Nice job. How did you join the ledges to the uprights?

Reply to
The Medway Handyman

The gate looks good. I'm not quite sure what keeps the posts upright, though.

Reply to
Roger Mills

Thanks. A bit of a bodge I feel, but it'll do for a while. The Ledges? I assume you mean the cross members, the lefty righty bits? I don't know all these posh 'correct' names! :)

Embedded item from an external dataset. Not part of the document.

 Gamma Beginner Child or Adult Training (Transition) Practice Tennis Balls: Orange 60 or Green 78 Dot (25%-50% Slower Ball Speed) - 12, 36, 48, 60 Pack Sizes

Mortice and tennon joints. 20mm wide, full height and 30 mm deep into the uprights.

Reply to
Mike Barnard

130mm Coach bolts into the brick. I really don't want to cut into the stone of the step to bury the posts deeper but if it sags... and I have this nagging fear it will...
Reply to
Mike Barnard

I used those drill and hammer/screw in window frame screws for the 'posts' I used for the gate in our side passage. Been there for years and no sign of coming out yet - even though I broke the head off one of the screws with my impact driver...

S
Reply to
spamlet

Problem is though - in the case under discussion - the posts are not directly connected to anything solid, the nearest brickwork being at the other end of short lengths of picket fencing - which will provide very little rigidity in the plane of the (closed) gate.

Reply to
Roger Mills

Wrong. I've bolted the posts at the base into the brickwork that surrounds the steps. When I get around to hanging it I'll find out.